Tasso device used to collect blood sample. (Yahoo Sports)
Tasso device used to collect blood sample. (Yahoo Sports)

After we finished with the urine collection and packaging, it was time for me to provide a blood sample. I opened a box from a company called Tasso Inc. and took out a small device that looked like a little banjo. Forberg had me wipe my arm with a provided alcohol wipe and then after the alcohol dried, put the Tasso device on my upper left arm. It stuck easily. Forberg then described in detail the process to collect the blood. I’d have to push a red button and it would pinch me and collect a tiny amount of blood.

It took about a minute to get the blood. Because I was slightly dehydrated, it took a bit longer for the blood to fill than normal. Forberg then walked me through the process of packaging that and all of the samples into a UPS bag that would be sent to a lab in Salt Lake City for examination. Three hours later, a UPS driver picked up the packages from my front porch and I texted Forberg to let him know.

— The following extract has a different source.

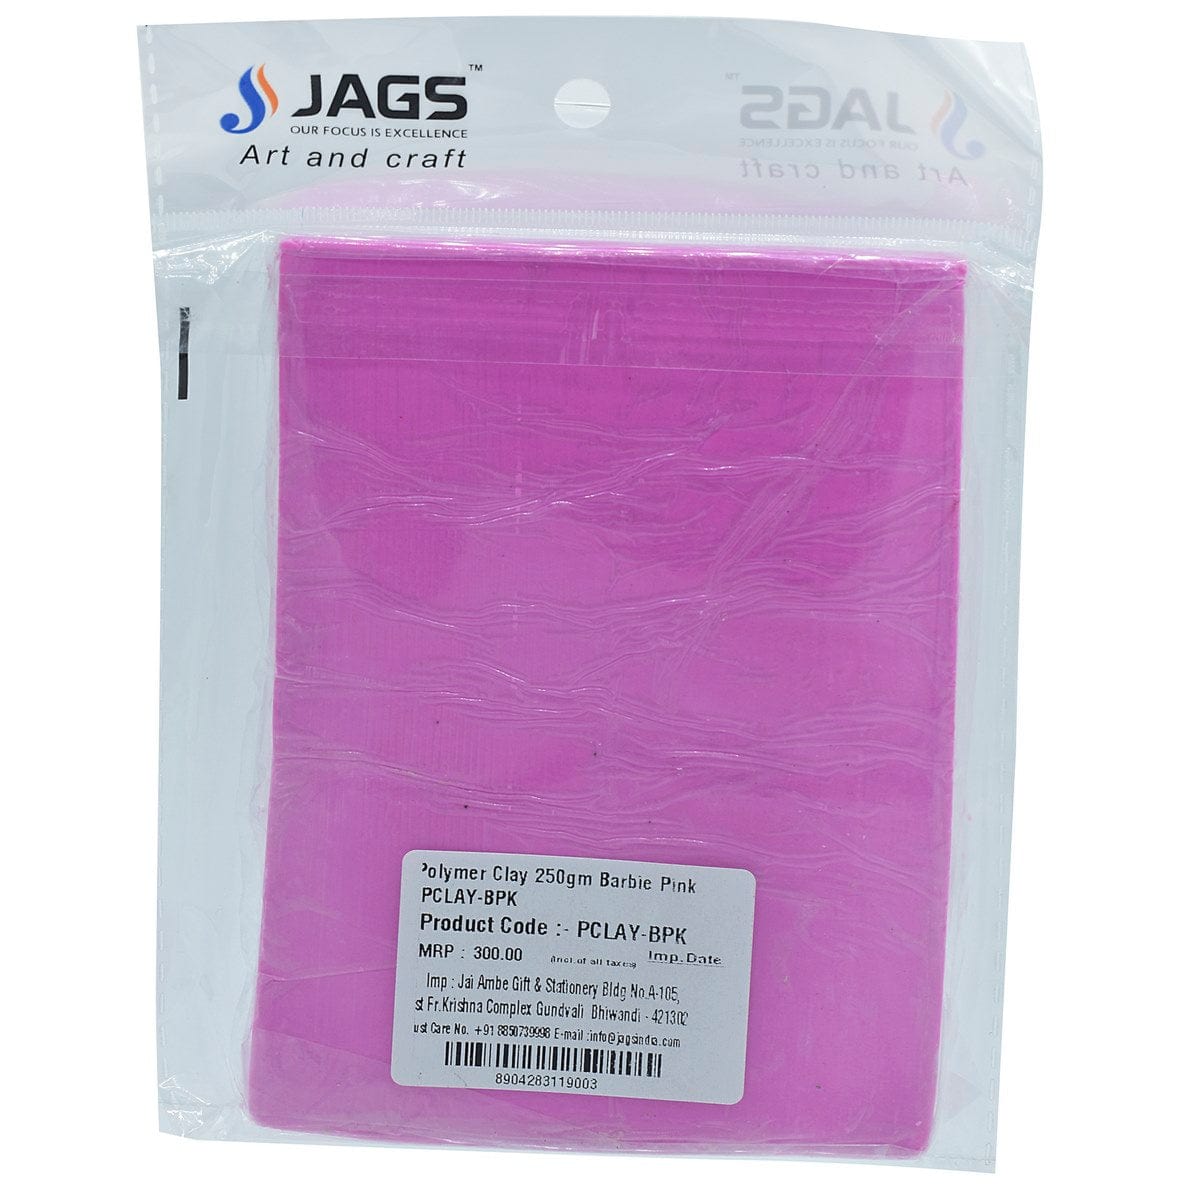 jags-mumbai Clay Polymer Clay 250gm Barbie Pink PCLAY-BPK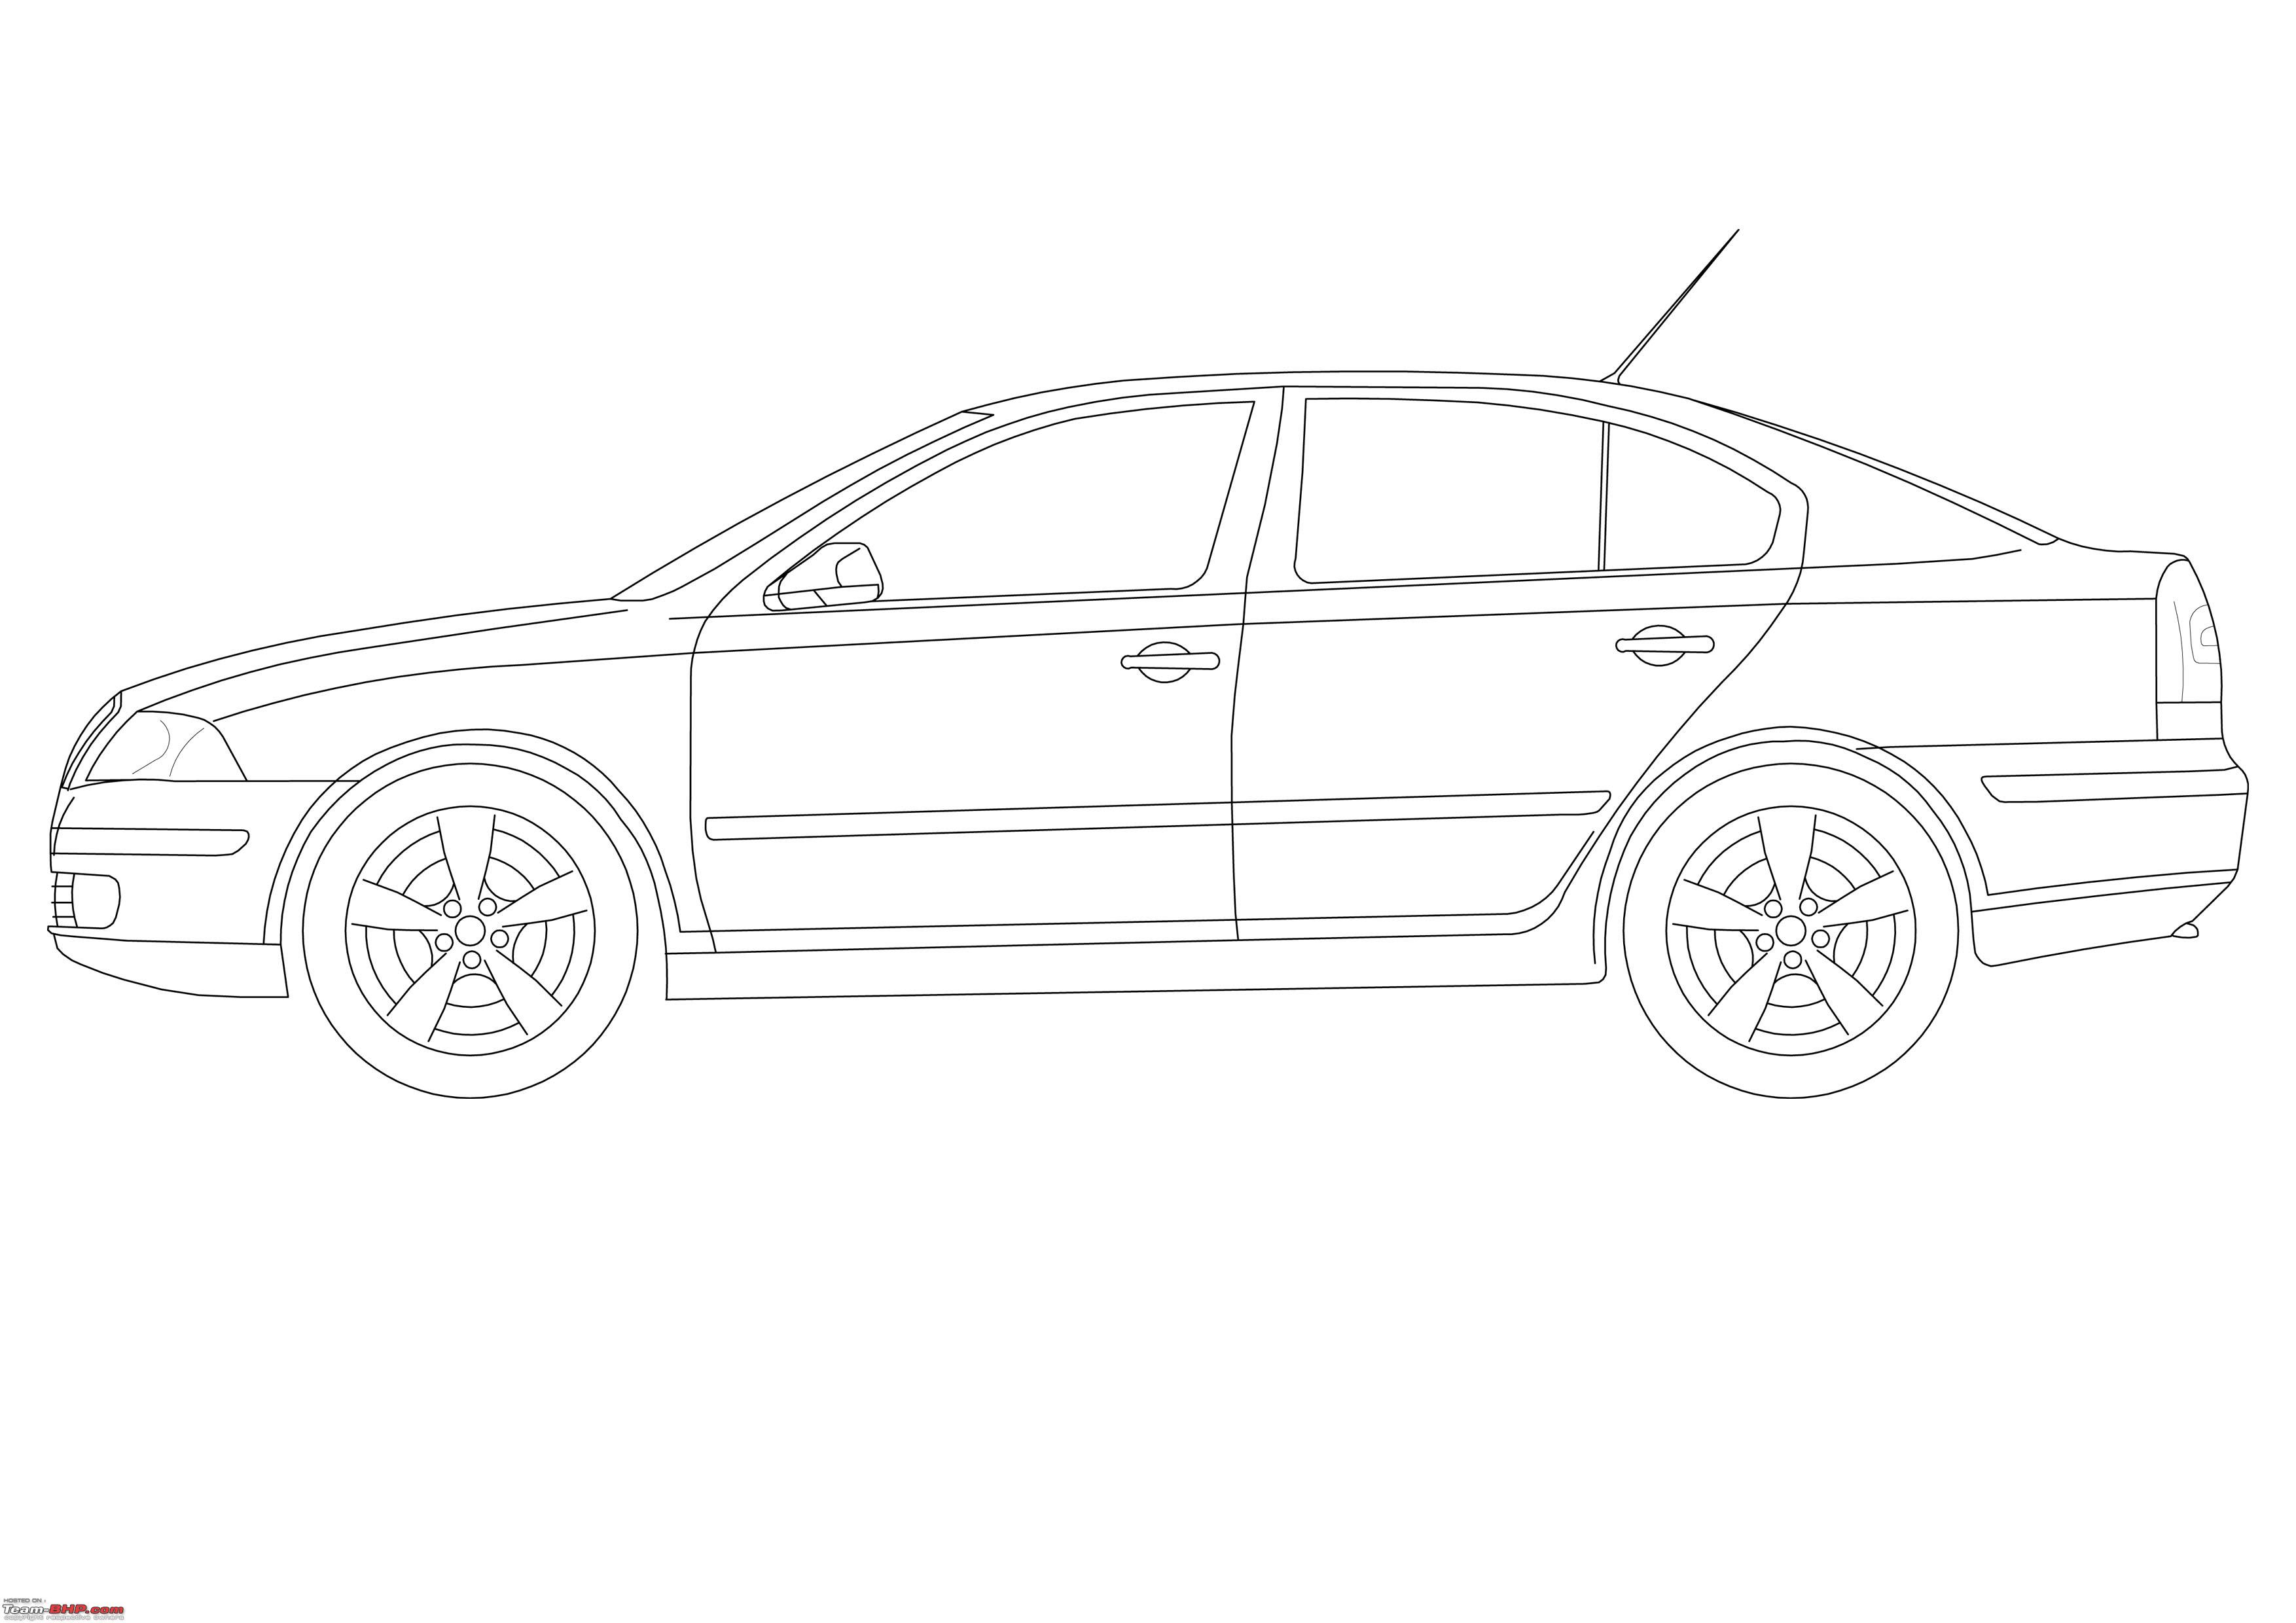 Blueprints / Line-drawings of cars - Team-BHP

The test took less than an hour and I am confident it would have been reduced significantly the next time because I now understood the process.

Added benefits for athletes of USADA’s remote drug test

Spencer said she was comfortable with both collection methods and said she would be confident if an opponent were tested that way that any cheating would be caught. She also said the new cup athletes must urinate into was easier to pour than the old one.

“I felt it went really smoothly and I had no issues with it at all,” said Spencer, who will fight Amanda Nunes on June 6 at UFC 250 for the women’s featherweight title. “It was a good experience. I have hit it off with my doping control officer pretty well, and this time it was virtual, but the remote test went great and I have no problem recommending it.”

It was a simple process and offers the added benefit of helping reduce whereabouts violations. As part of the anti-doping program, athletes must advise USADA of where they plan to be. If they are traveling and forgot to enter it on the app, they can take the test wherever they are if they bring a kit with them. But if they’re not where they say they would be and miss a test, it would be considering a violation, so keeping a kit with them could prevent that.

Novitzky is high on its potential.

“Travis Tygart called me and proposed this idea I think two weeks into the lockdown,” Novitzky said. “The main reason was the pandemic, but what I really, really love about this is it breaks down a lot of financial barriers to anti-doping.

“You’re eliminating virtually all the overhead costs except small shipping fees to get the kits there and sent to the lab. Then you pay a DCO to sit in front of the computer. I love it for us, but I really love it for other promotions, other sports.”

I found the test to be easy, non-intrusive and quick. It clearly could be the way to make quality anti-doping tests more prevalent throughout combat sports, because the costs will be significantly less by not having to have doping control officers fly all over the world.